▶

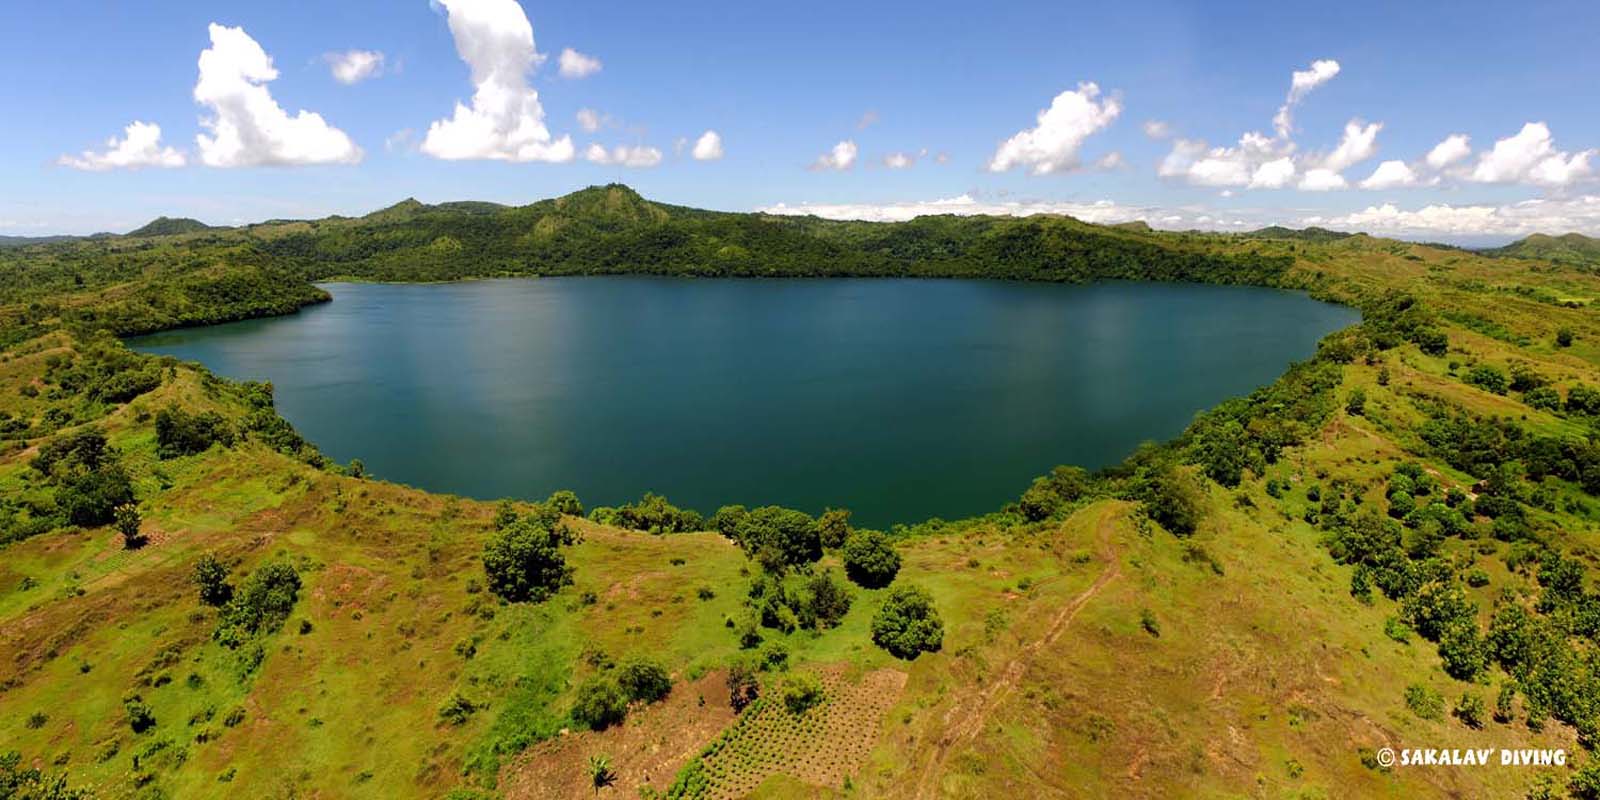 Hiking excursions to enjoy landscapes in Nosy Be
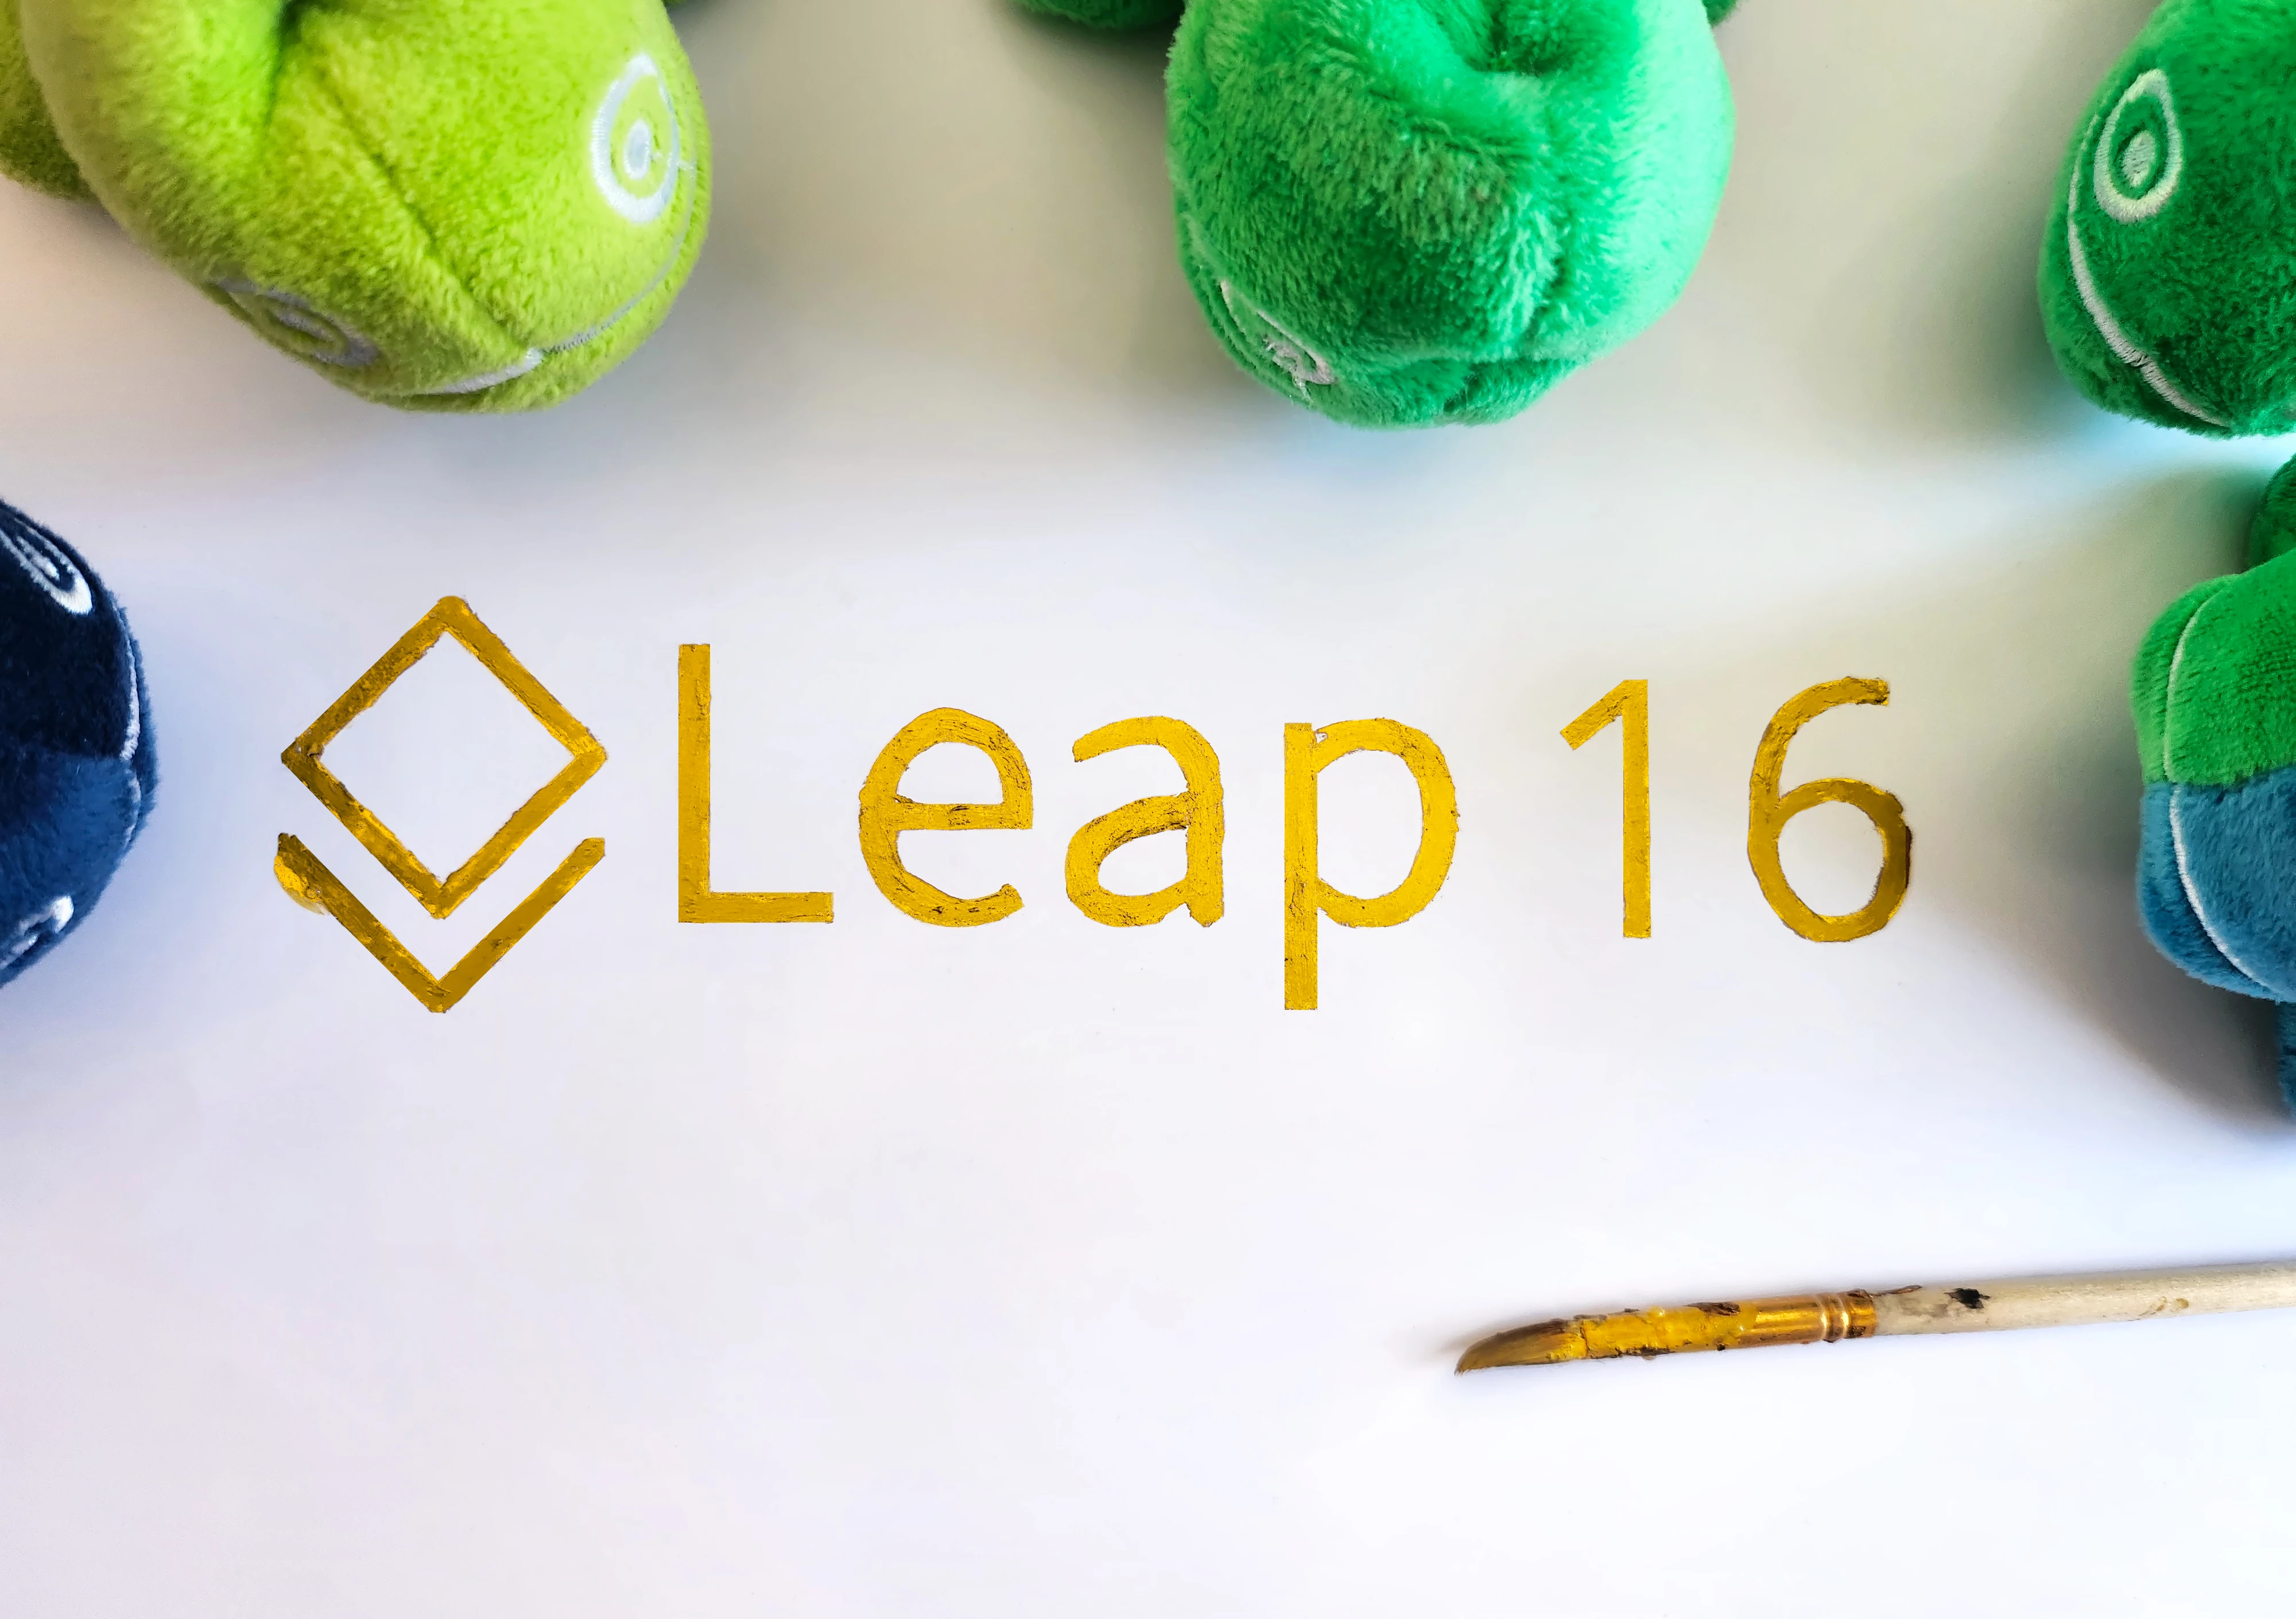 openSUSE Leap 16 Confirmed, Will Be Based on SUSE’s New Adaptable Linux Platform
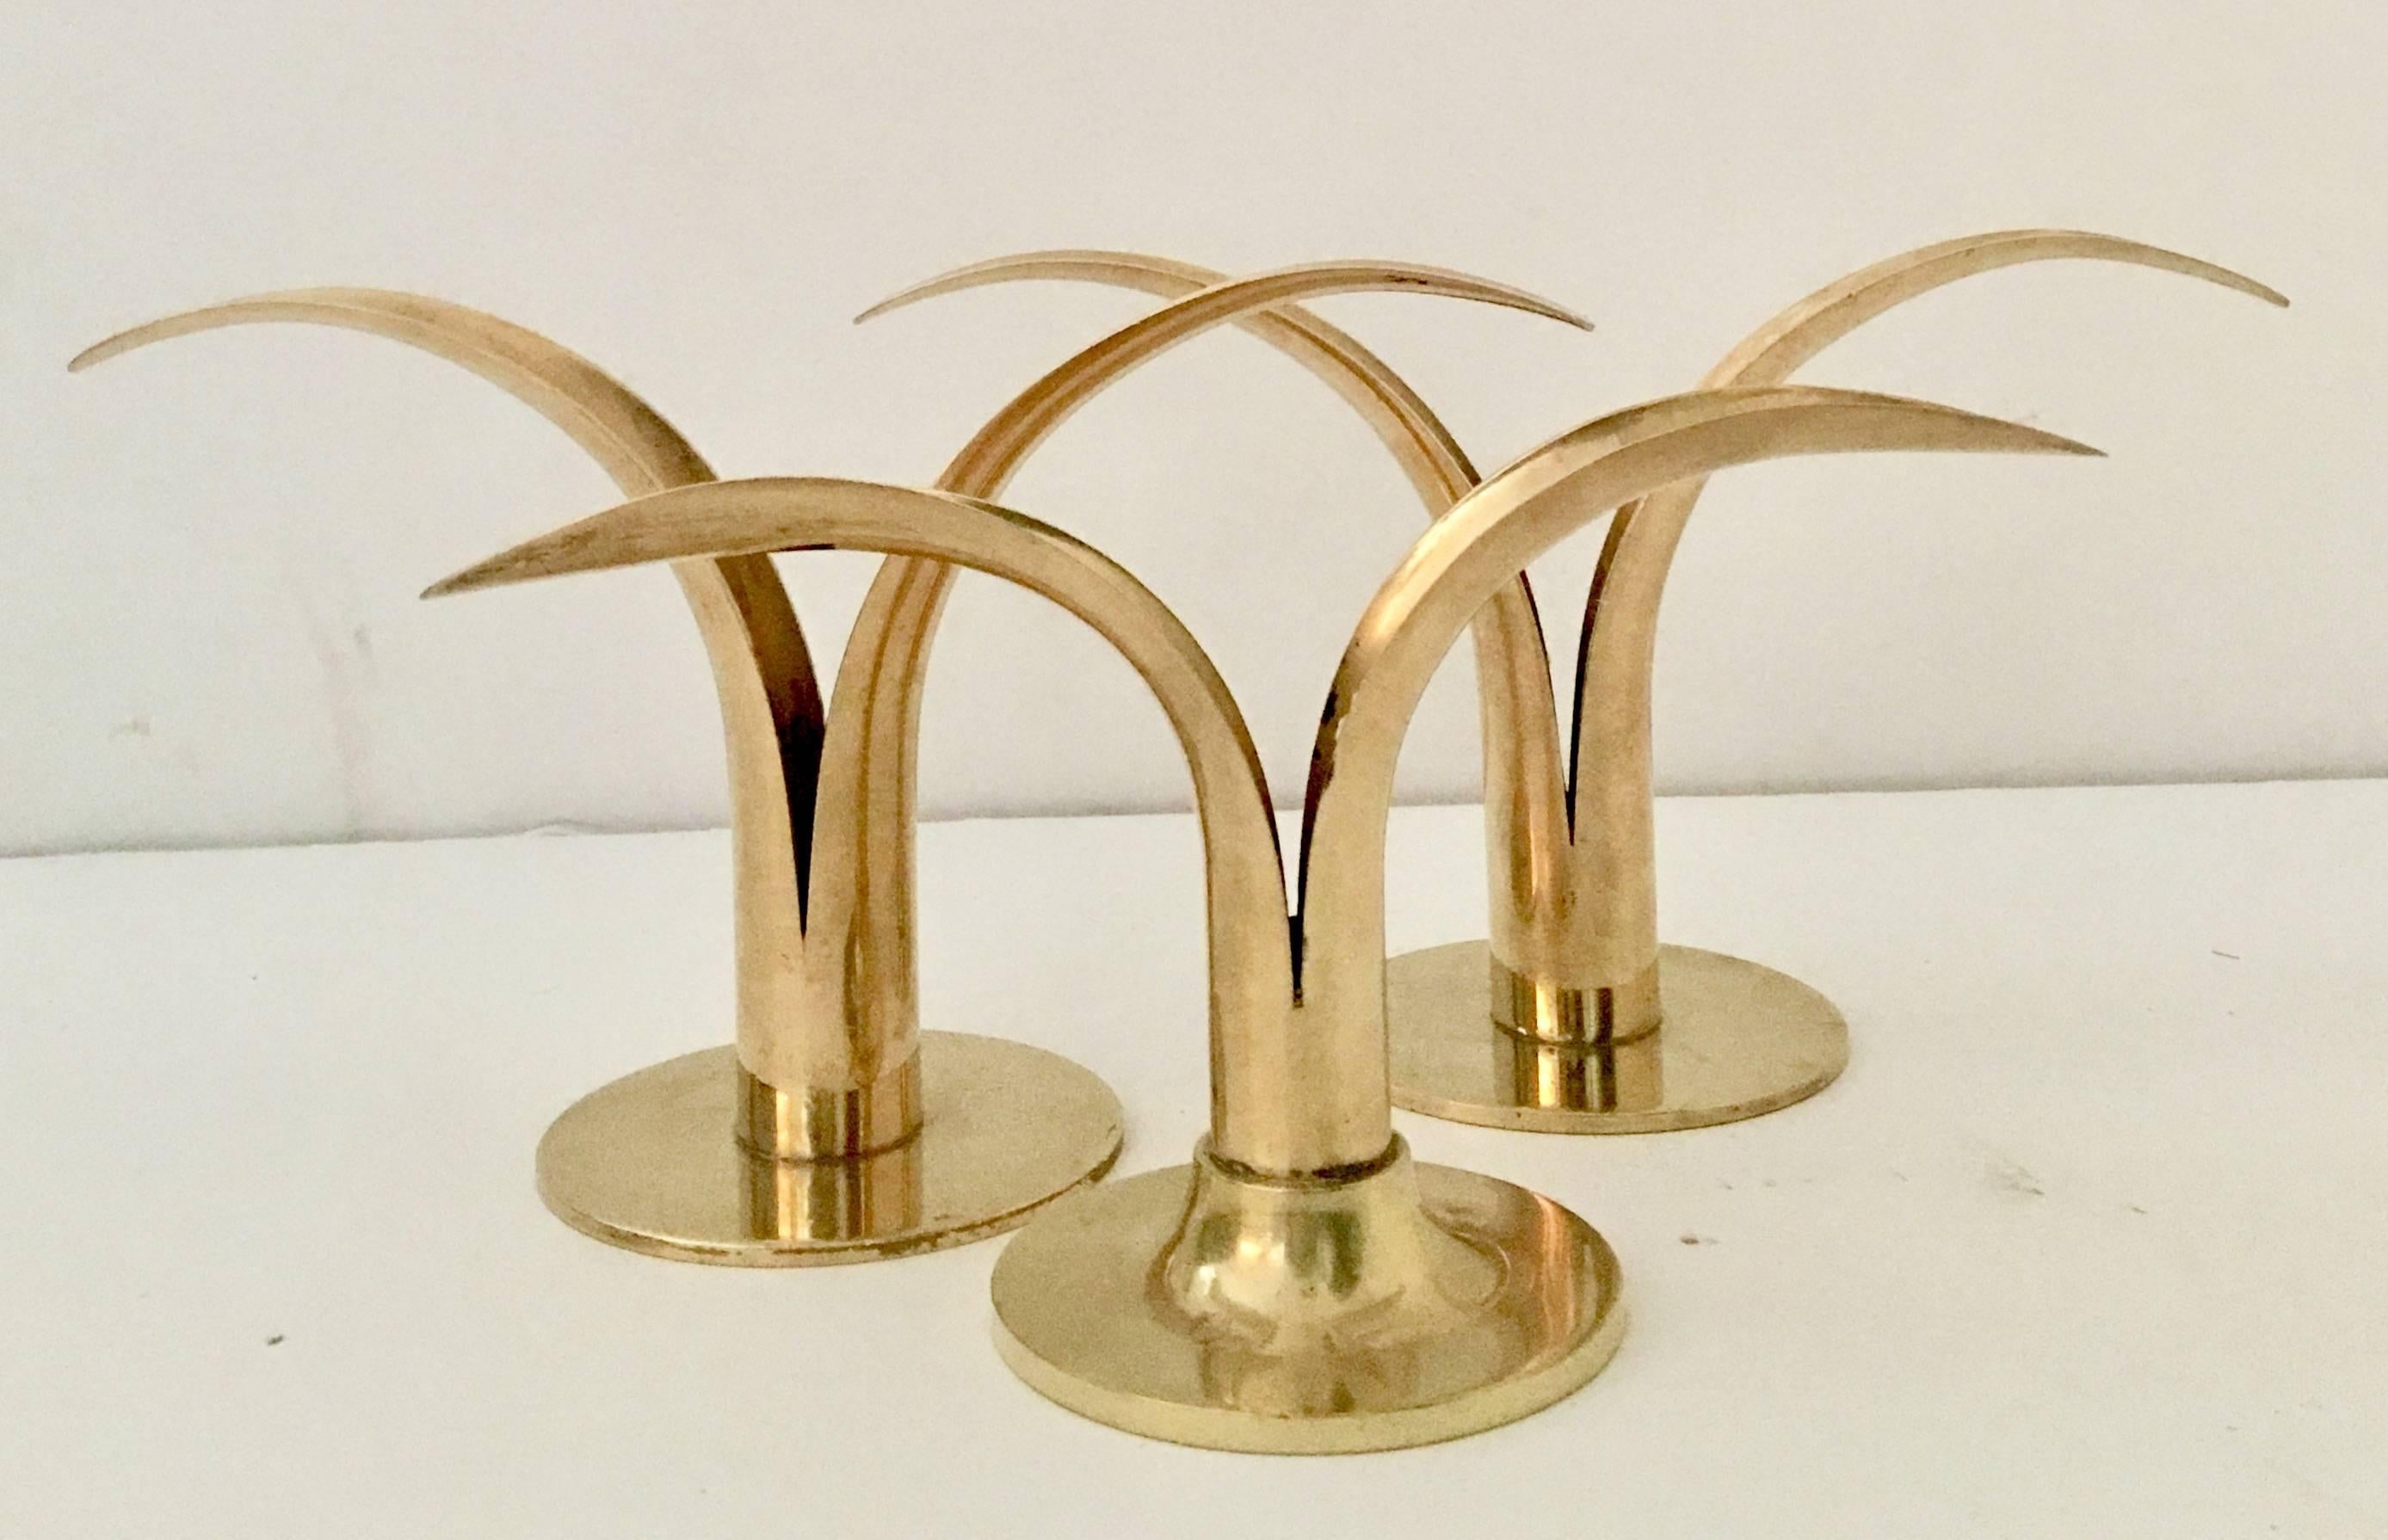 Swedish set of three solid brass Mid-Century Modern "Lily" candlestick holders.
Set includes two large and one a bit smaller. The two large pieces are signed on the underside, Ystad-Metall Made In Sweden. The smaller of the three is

◀

Restate the listing word for word, pictures omitted.

 Hiking excursions to enjoy landscapes in Nosy Be
 openSUSE Leap 16 Confirmed, Will Be Based on SUSE’s New Adaptable Linux Platform
 Swedish set of three solid brass Mid-Century Modern "Lily" candlestick holders.
Set includes two large and one a bit smaller. The two large pieces are signed on the underside, Ystad-Metall Made In Sweden. The smaller of the three is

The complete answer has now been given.